**Work item**
Write out a word-for-word repetition of the lines that come before the line containing "180х200 см —" in the listing below, along with that line itself, omitting pictures.
Dataset extract Start Marker
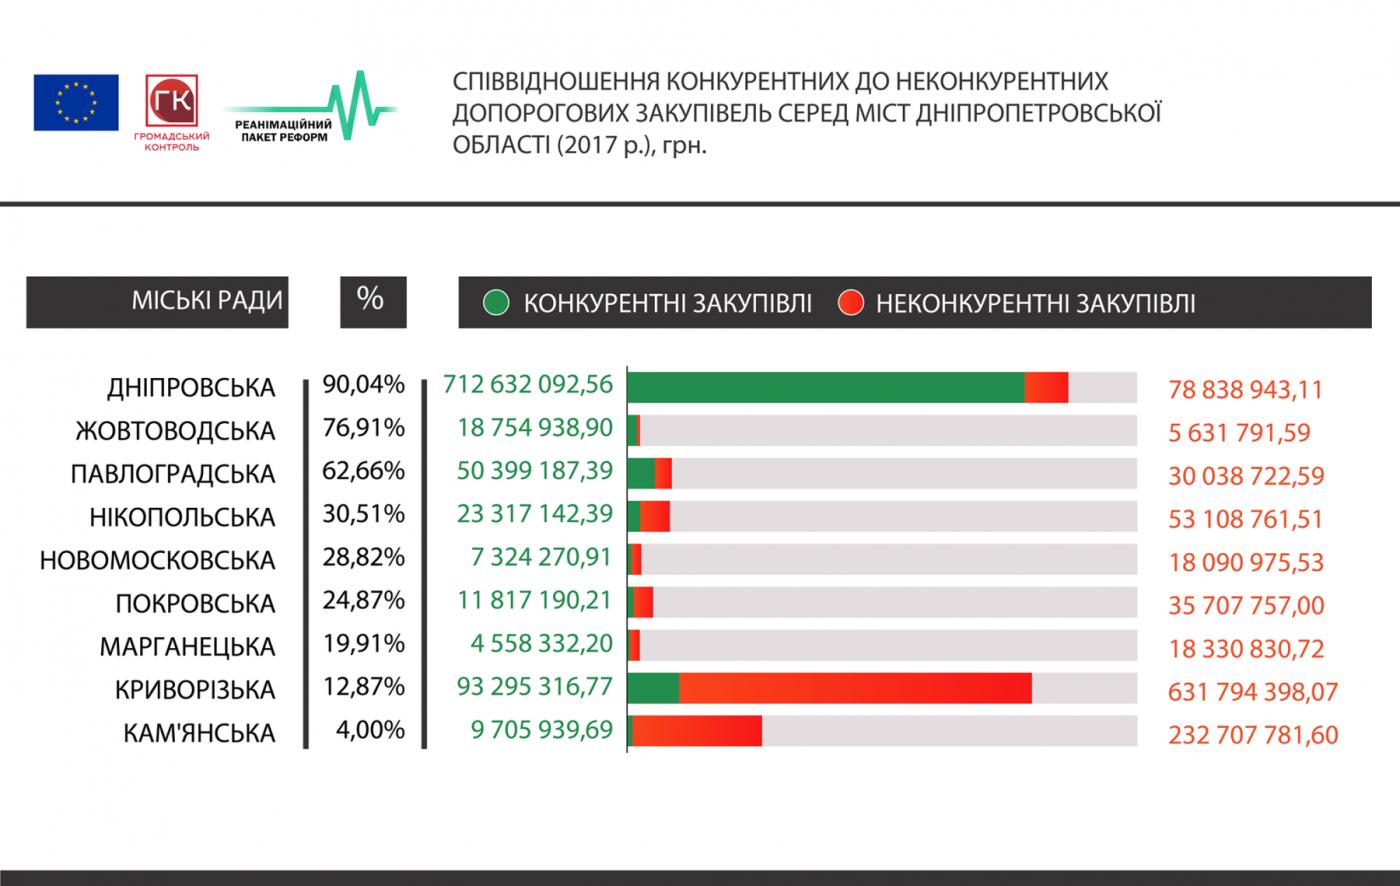 Как стимулировать города Днепропетровской области экономить на закупках , фото-1
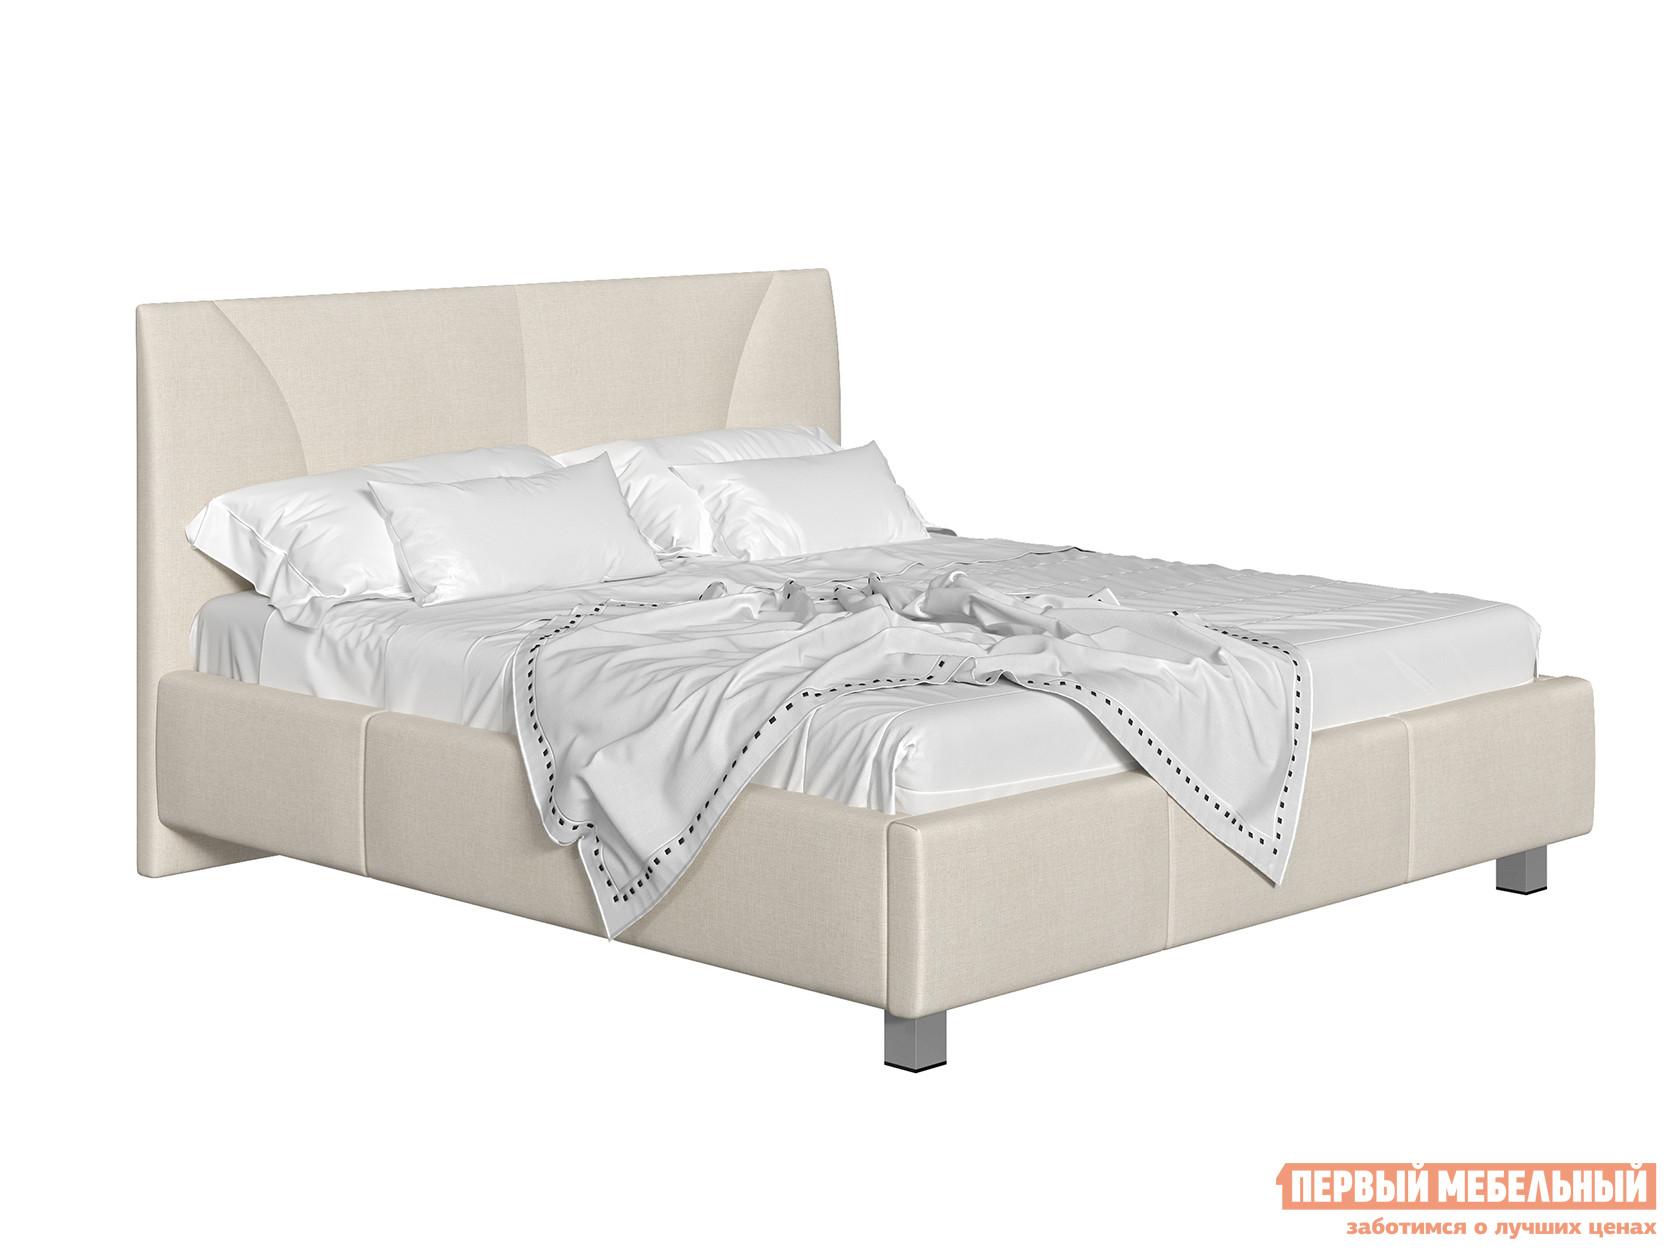 Двуспальная кровать  Кровать с подъемным механизмом Севилья Бежевый, рогожка, 180х200 см — Кровать с подъемным механизмом Севилья Бежевый, рогожка, 180х200 см
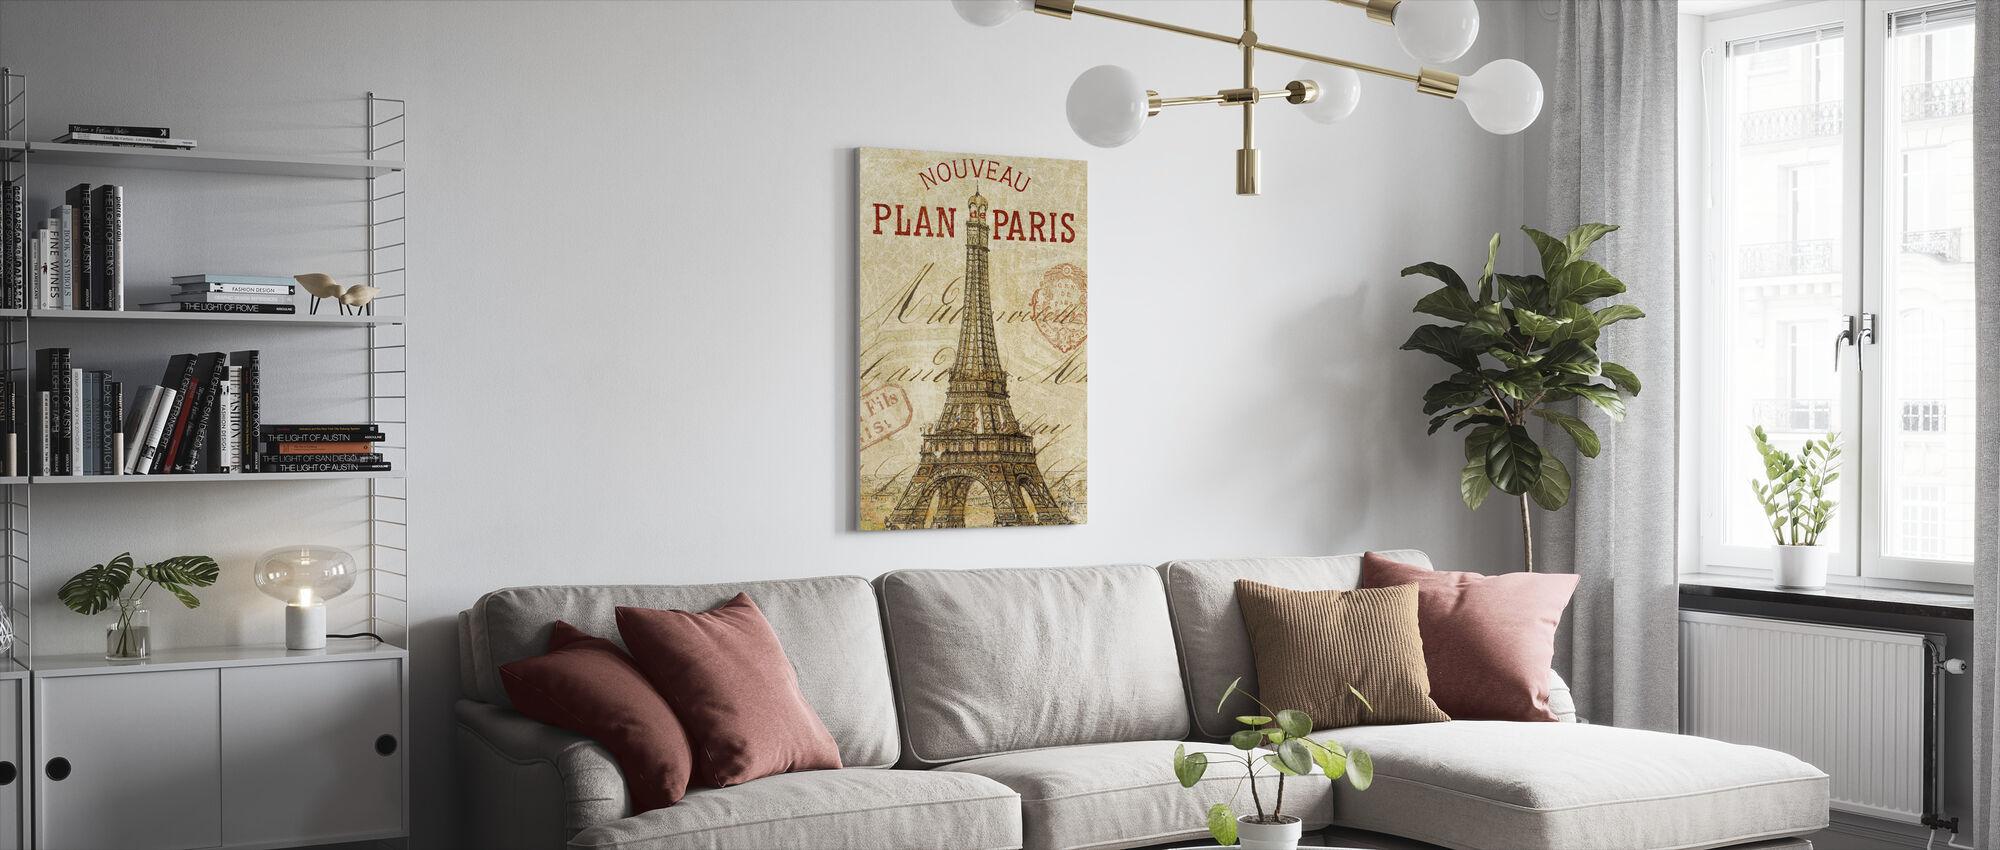 Brev från Paris - Canvastavla - Vardagsrum
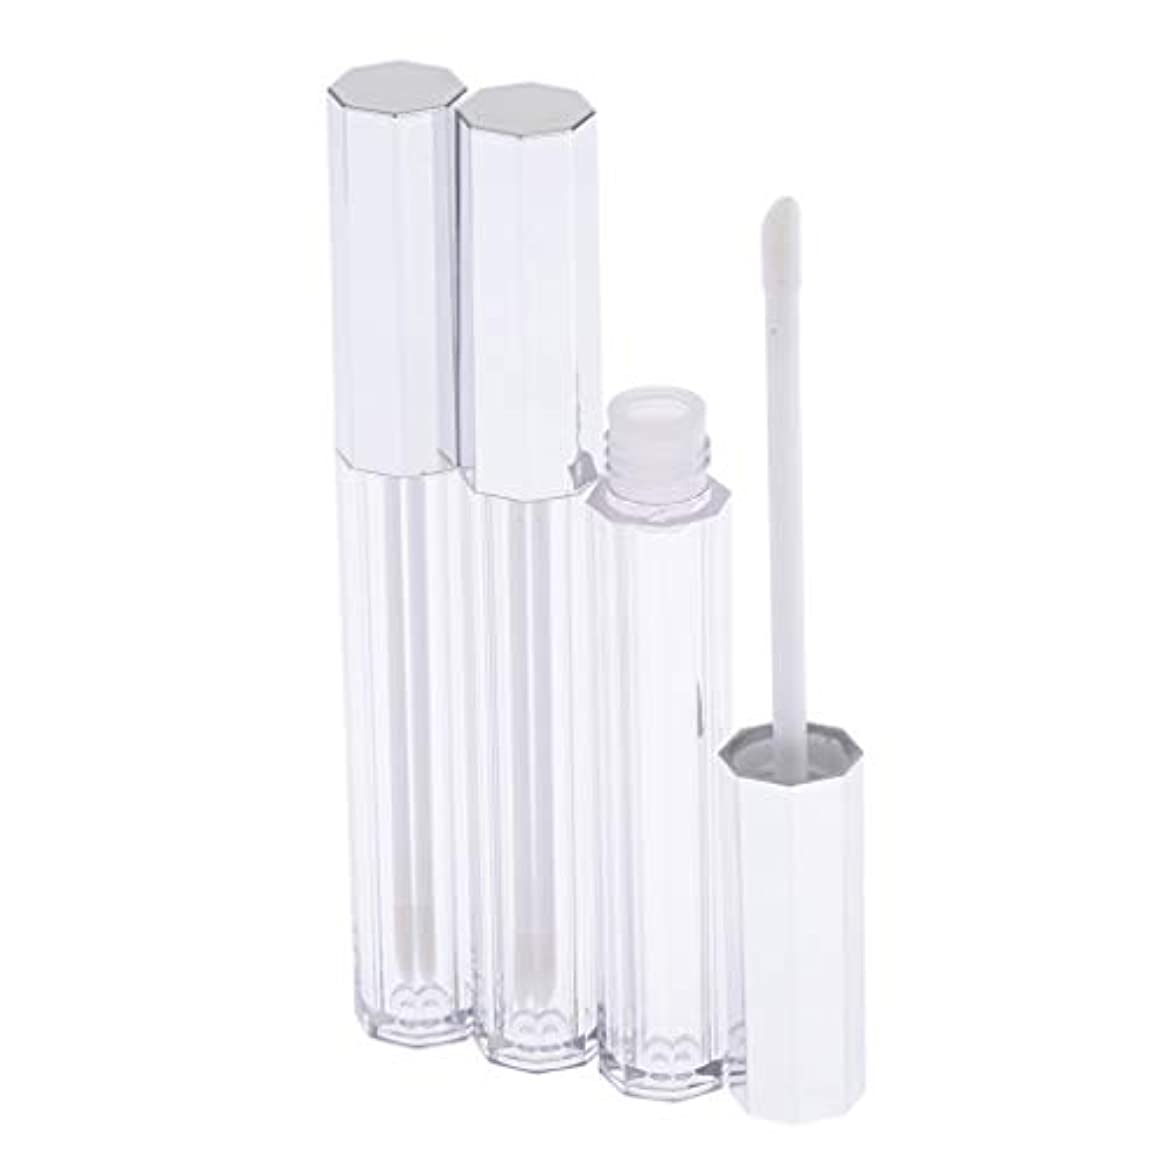 刺激する軸中級リップグロス 容器 チューブ クリア リップスティックチューブ プラスチック 5ml 3個セット
Dataset extract End Marker
**Solution for this exercise**
 Как стимулировать города Днепропетровской области экономить на закупках , фото-1
 Двуспальная кровать  Кровать с подъемным механизмом Севилья Бежевый, рогожка, 180х200 см — Кровать с подъемным механизмом Севилья Бежевый, рогожка, 180х200 см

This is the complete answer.